#### [Dataset content]
--------------------------------------------------
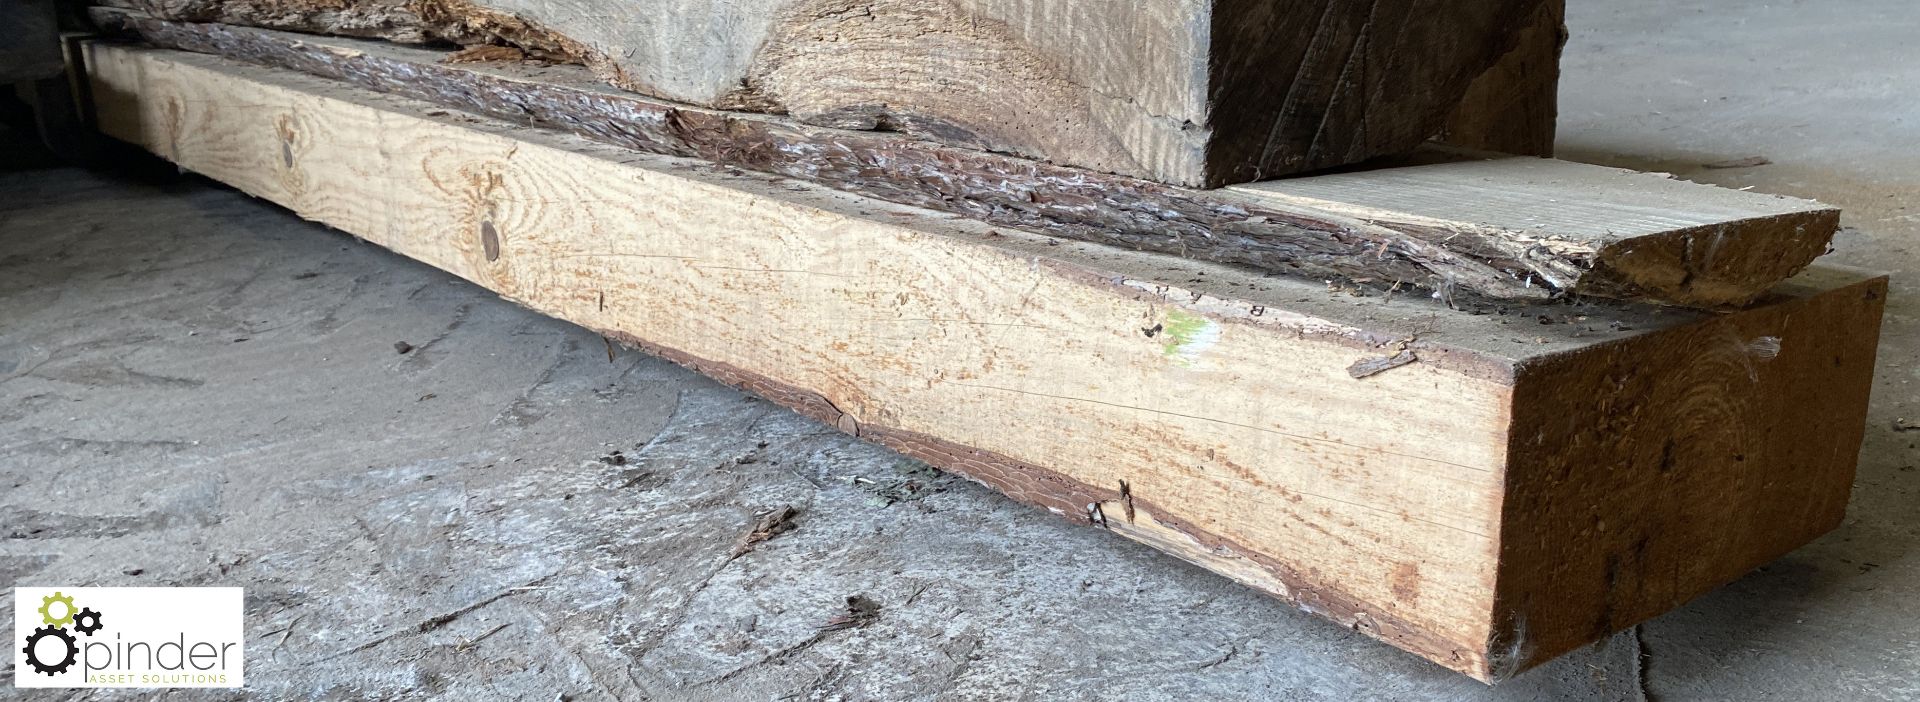 Air dried Softwood Beam, 6080mm x 370mm x 150mm and air dried Softwood Board, 6060mm x 350mm x 50mm - Image 4 of 5
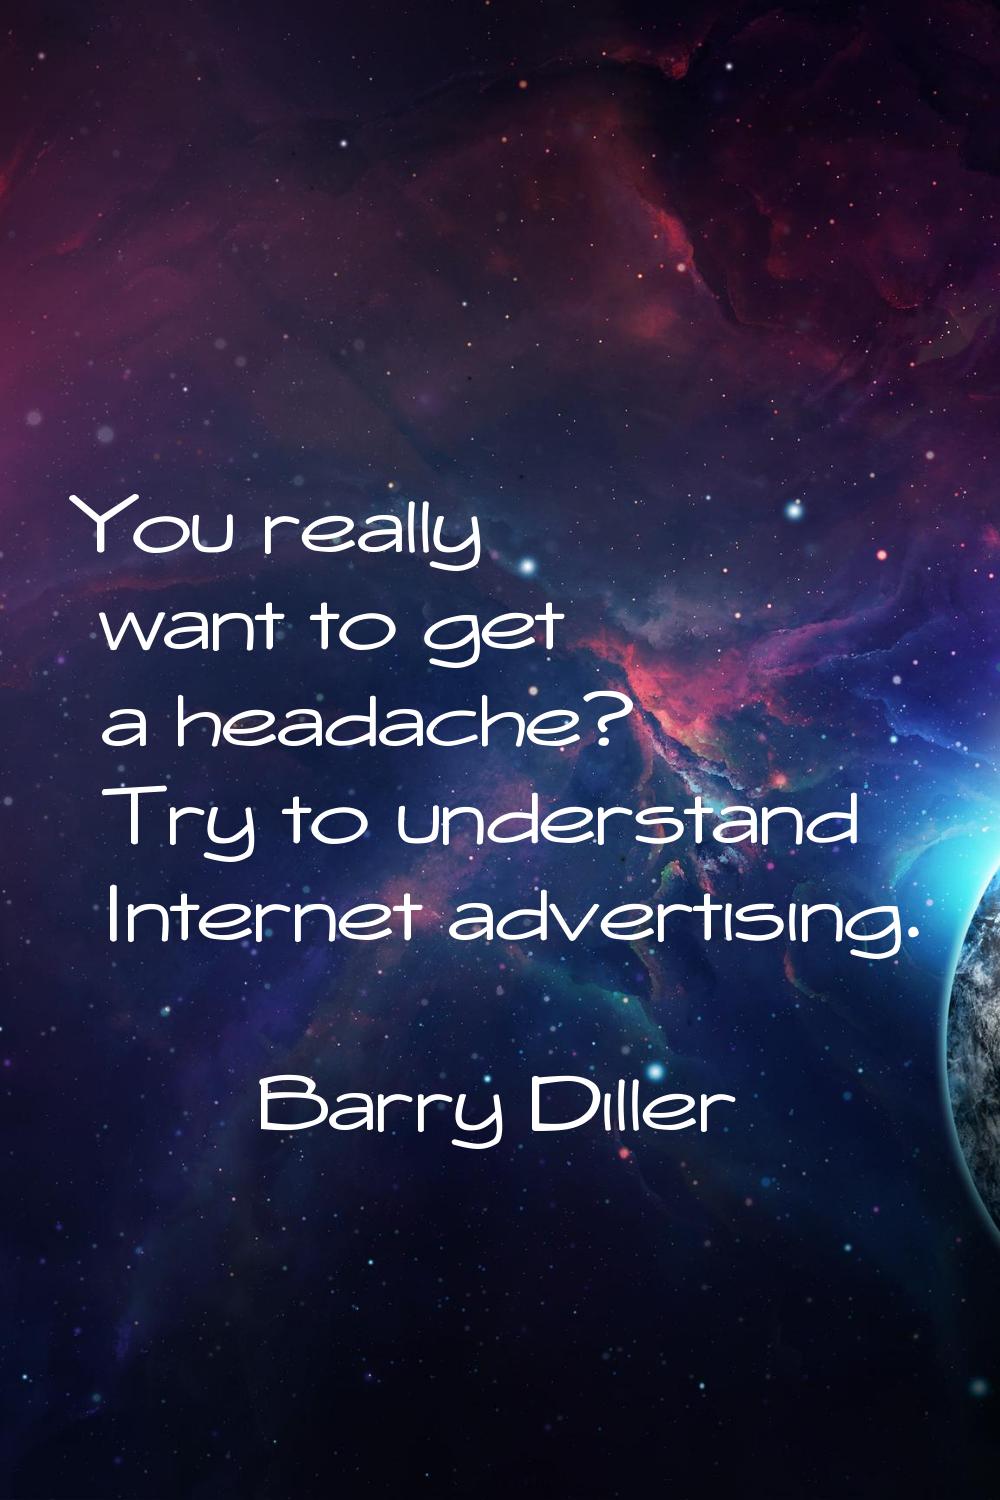 You really want to get a headache? Try to understand Internet advertising.
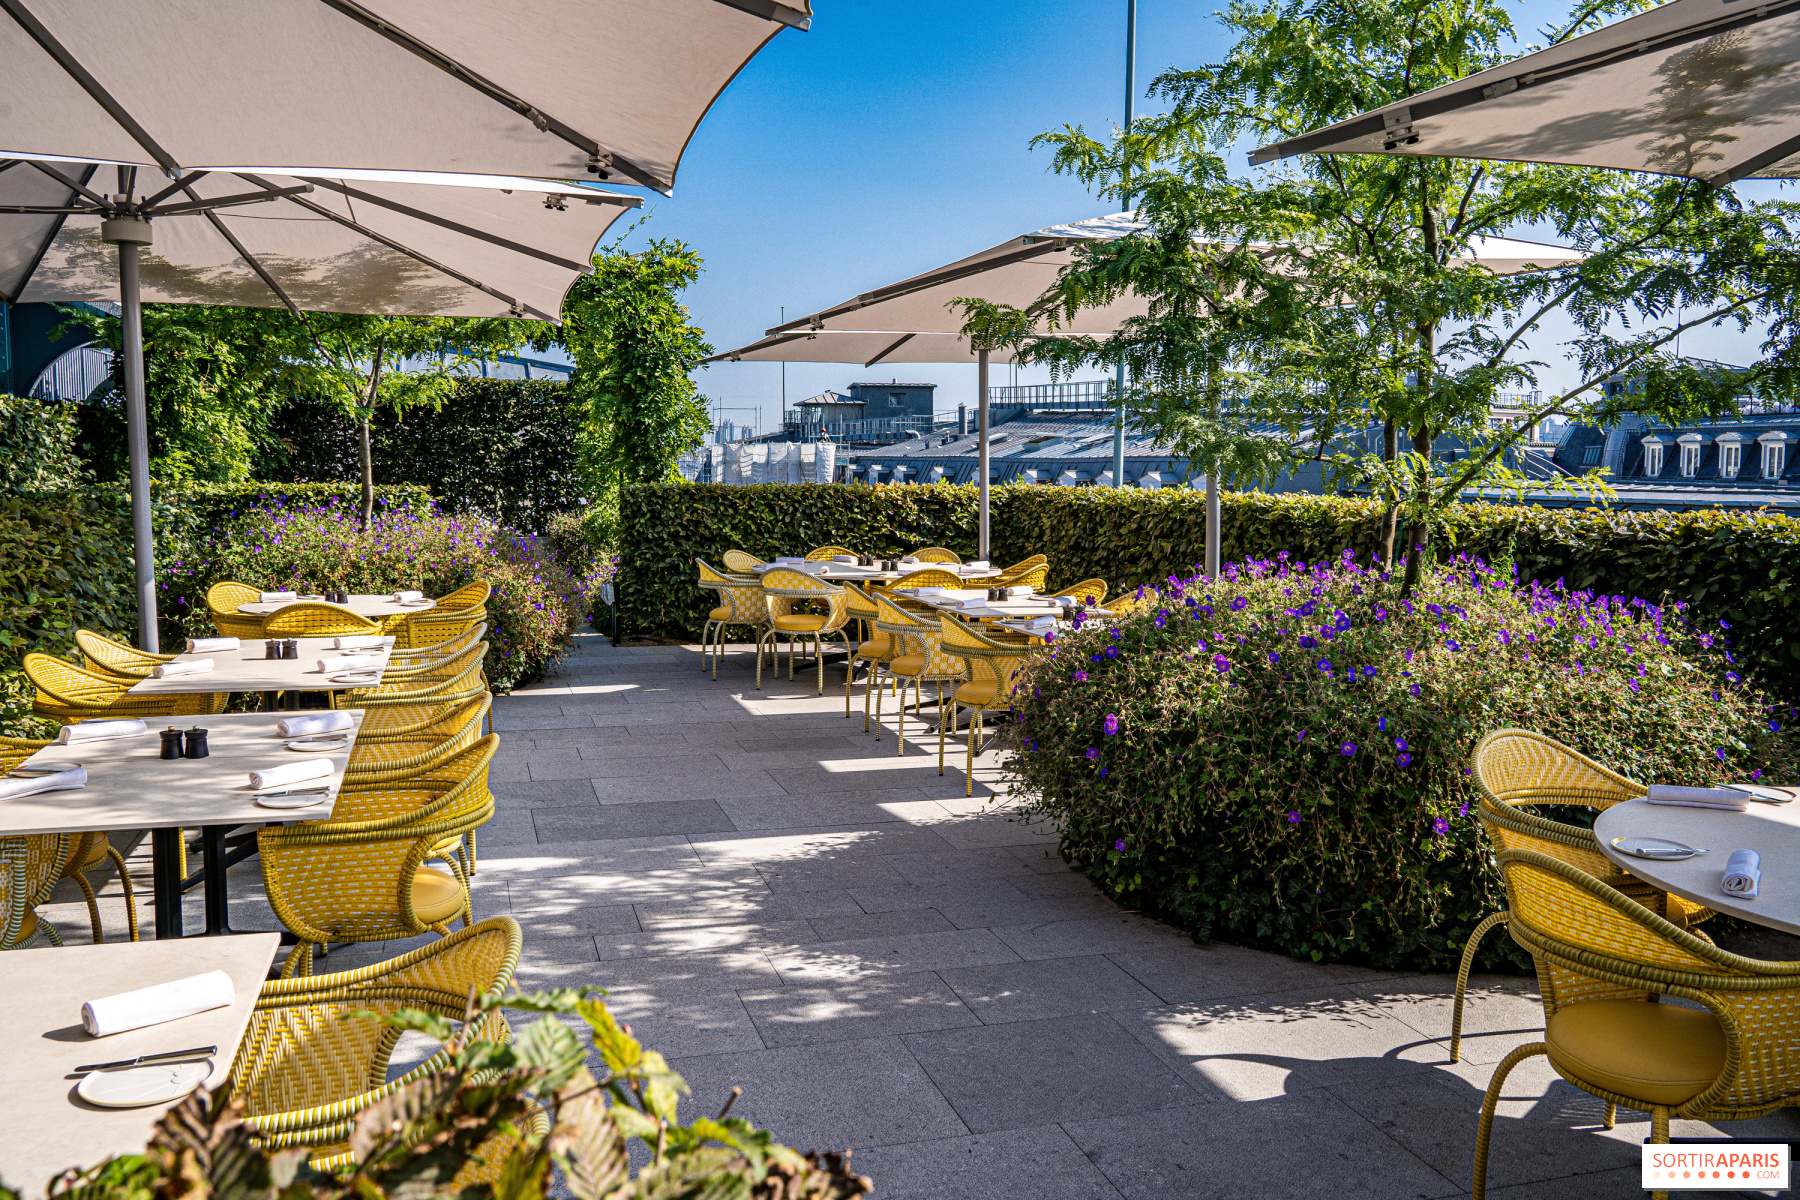 Four restaurants and bars at the heart of Paris │ Cheval Blanc Paris Hotel
--------------------------------------------------
#### [Directions for this task]
Reproduce the lines above exactly, please, but not the pictures in them.

#### [Finished task]
 Air dried Softwood Beam, 6080mm x 370mm x 150mm and air dried Softwood Board, 6060mm x 350mm x 50mm - Image 4 of 5
 You really want to get a headache? Try to understand Internet advertising.
 Four restaurants and bars at the heart of Paris │ Cheval Blanc Paris Hotel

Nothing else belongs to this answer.